- _Dataset content_
+--
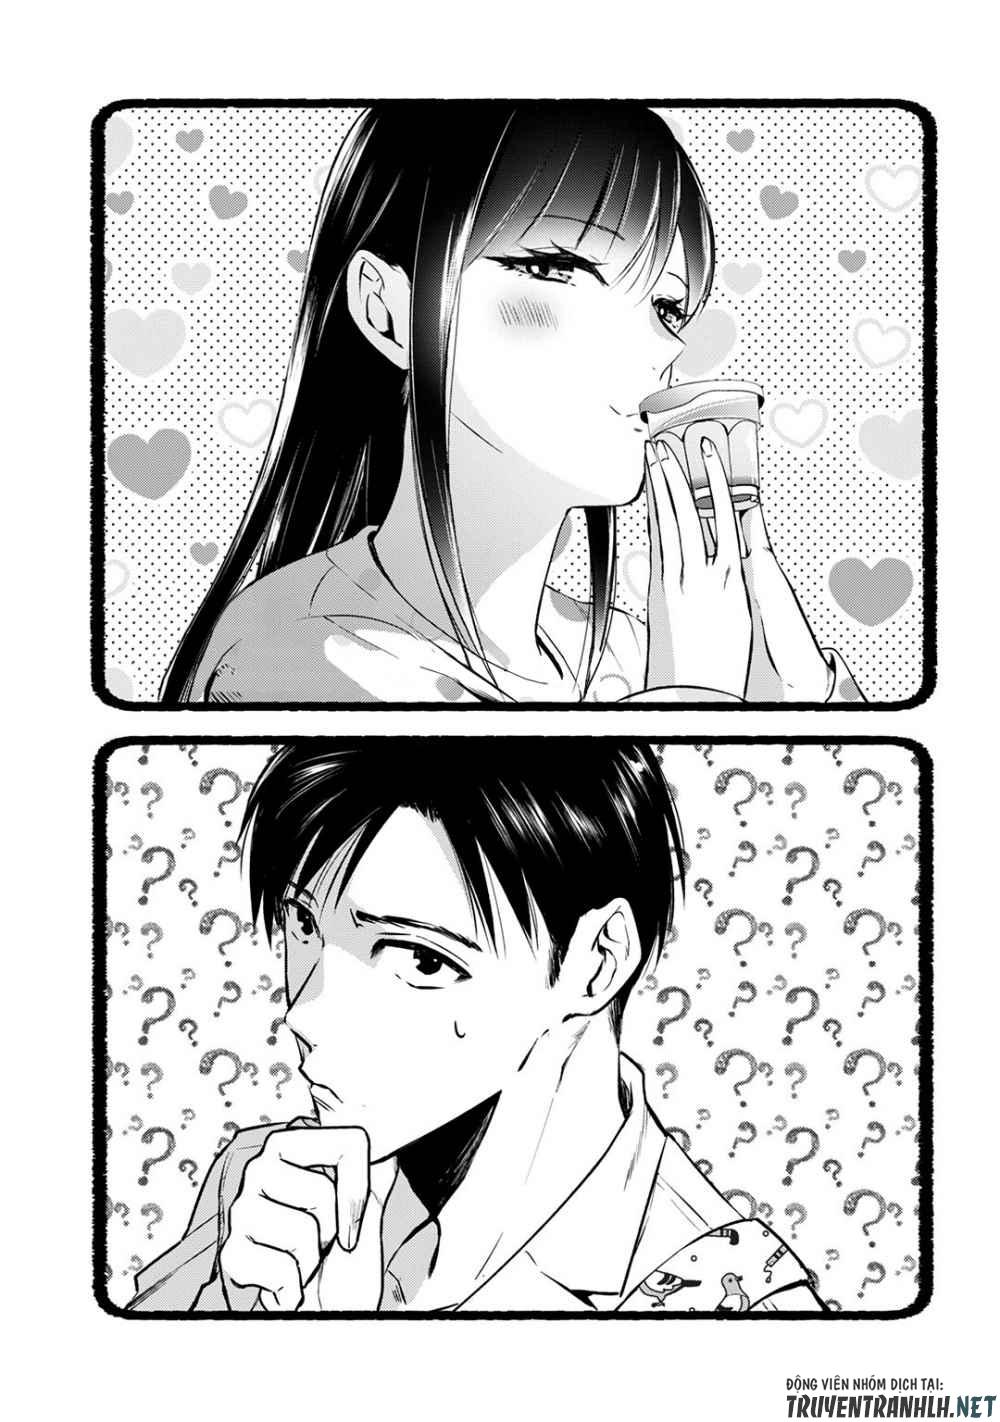 Tsuki 50-man moratte mo Ikigai no nai Tonari no Onee-san ni 30-man de Yatowarete
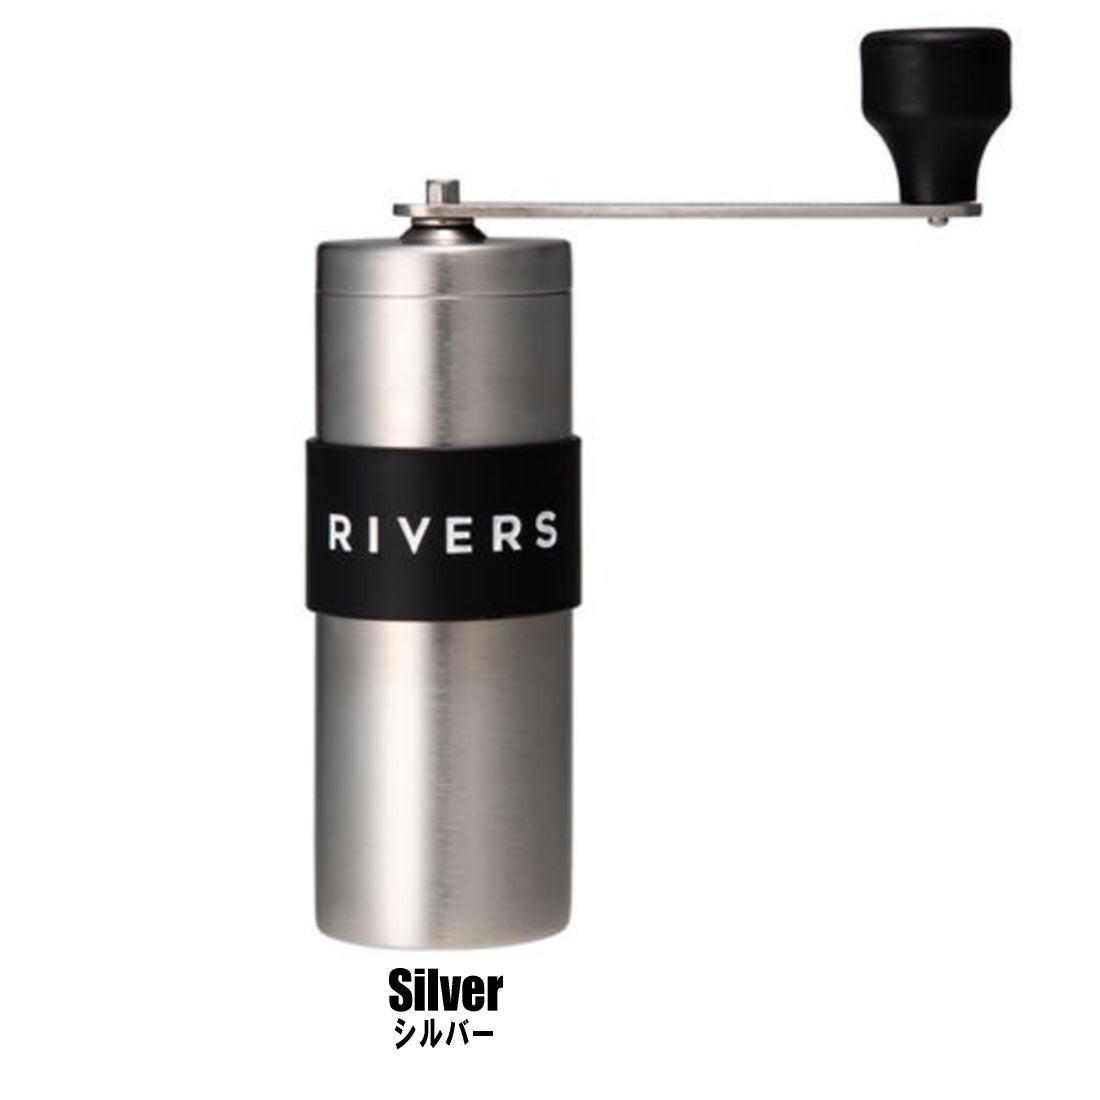 リバーズ コーヒーグラインダーグリット SILVER コーヒーミル 手挽き 珈琲豆  国内正規品 GRITSV
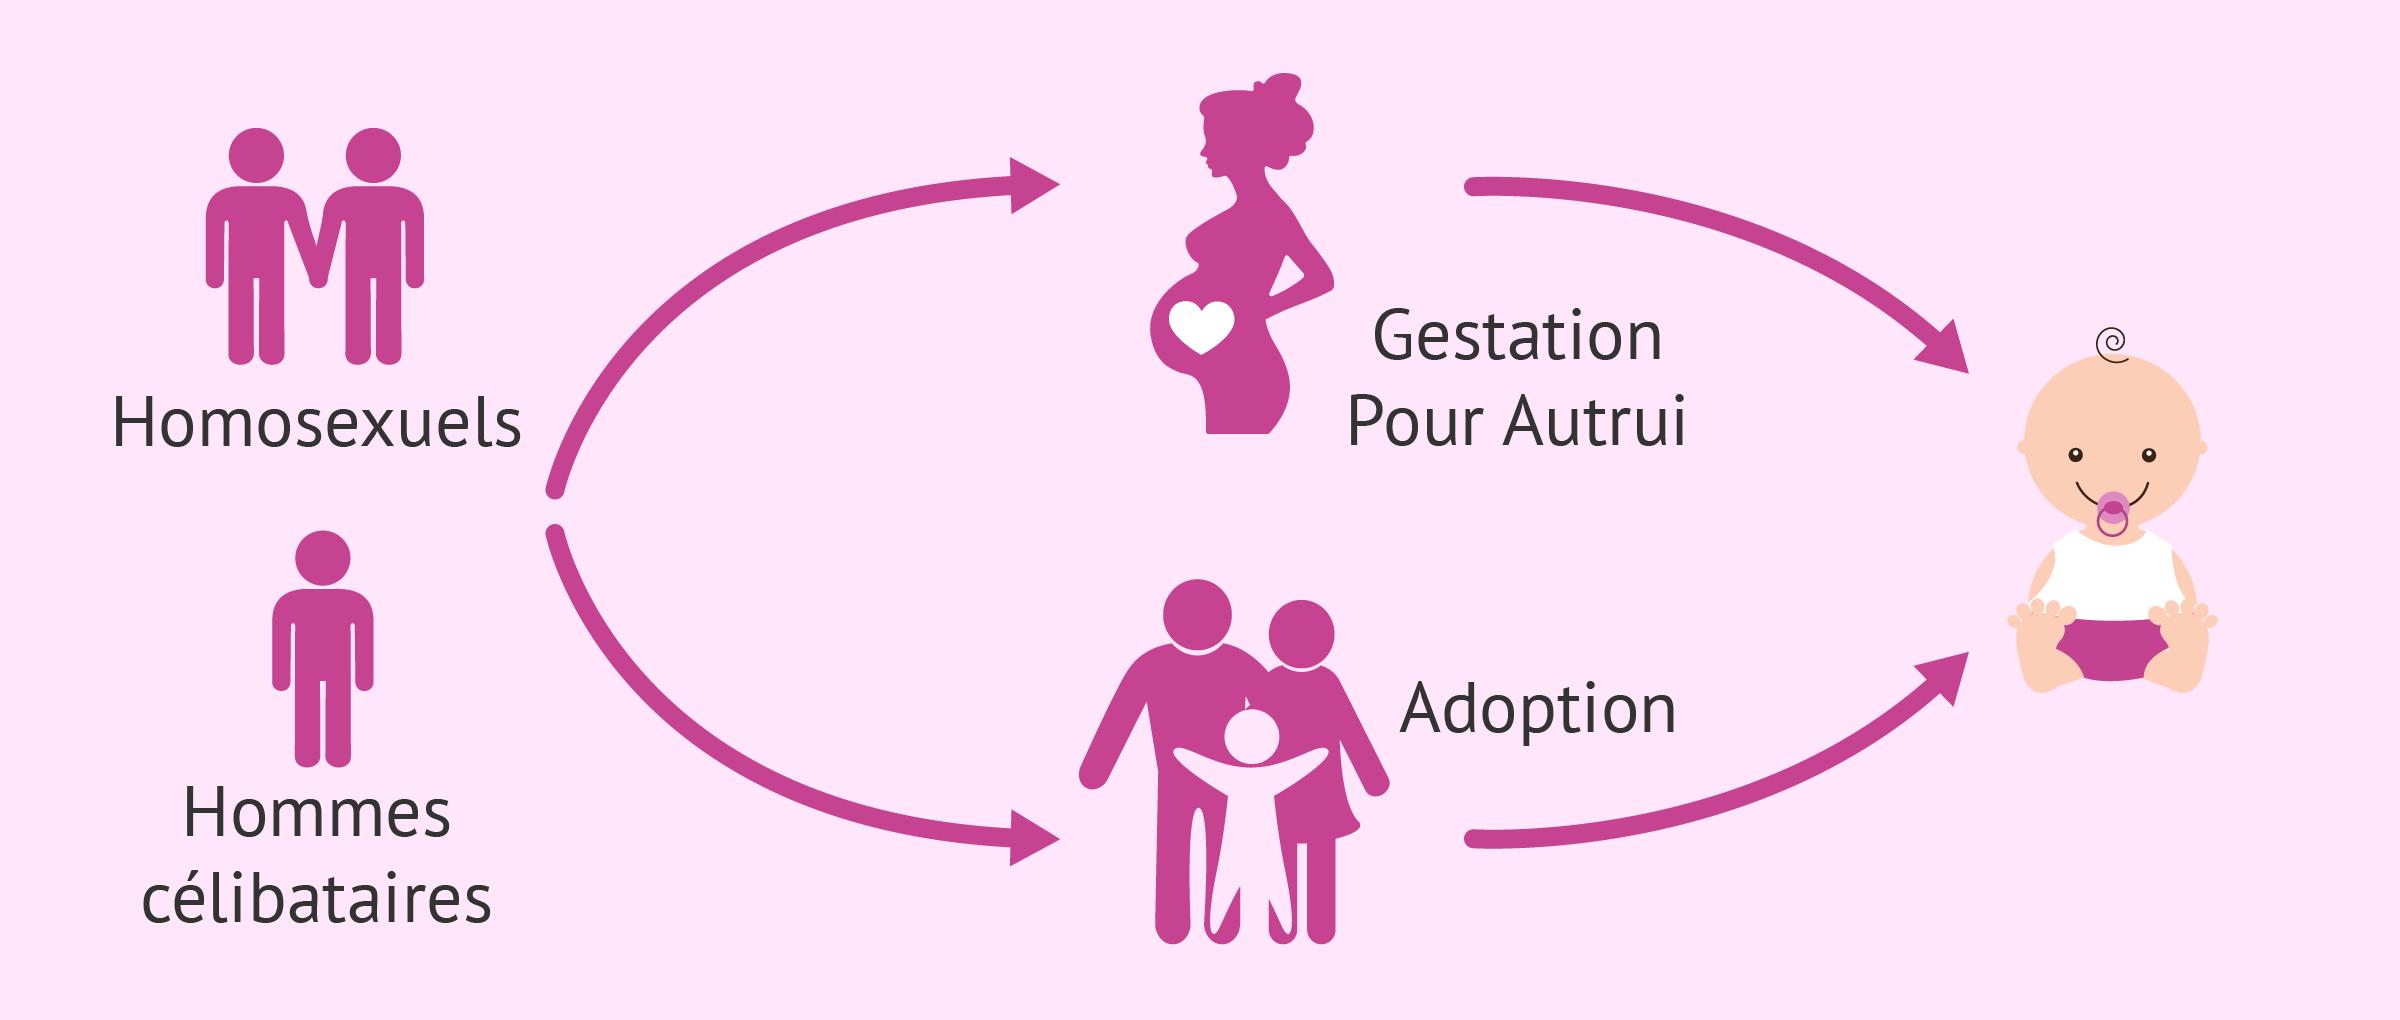 Paternité pour les homosexuels et les hommes seuls: adoption et GPA
+--
- _Exercise directions_
Transcribe the listing in full. Leave the pictures out.

- _Result_
 Tsuki 50-man moratte mo Ikigai no nai Tonari no Onee-san ni 30-man de Yatowarete
 リバーズ コーヒーグラインダーグリット SILVER コーヒーミル 手挽き 珈琲豆  国内正規品 GRITSV
 Paternité pour les homosexuels et les hommes seuls: adoption et GPA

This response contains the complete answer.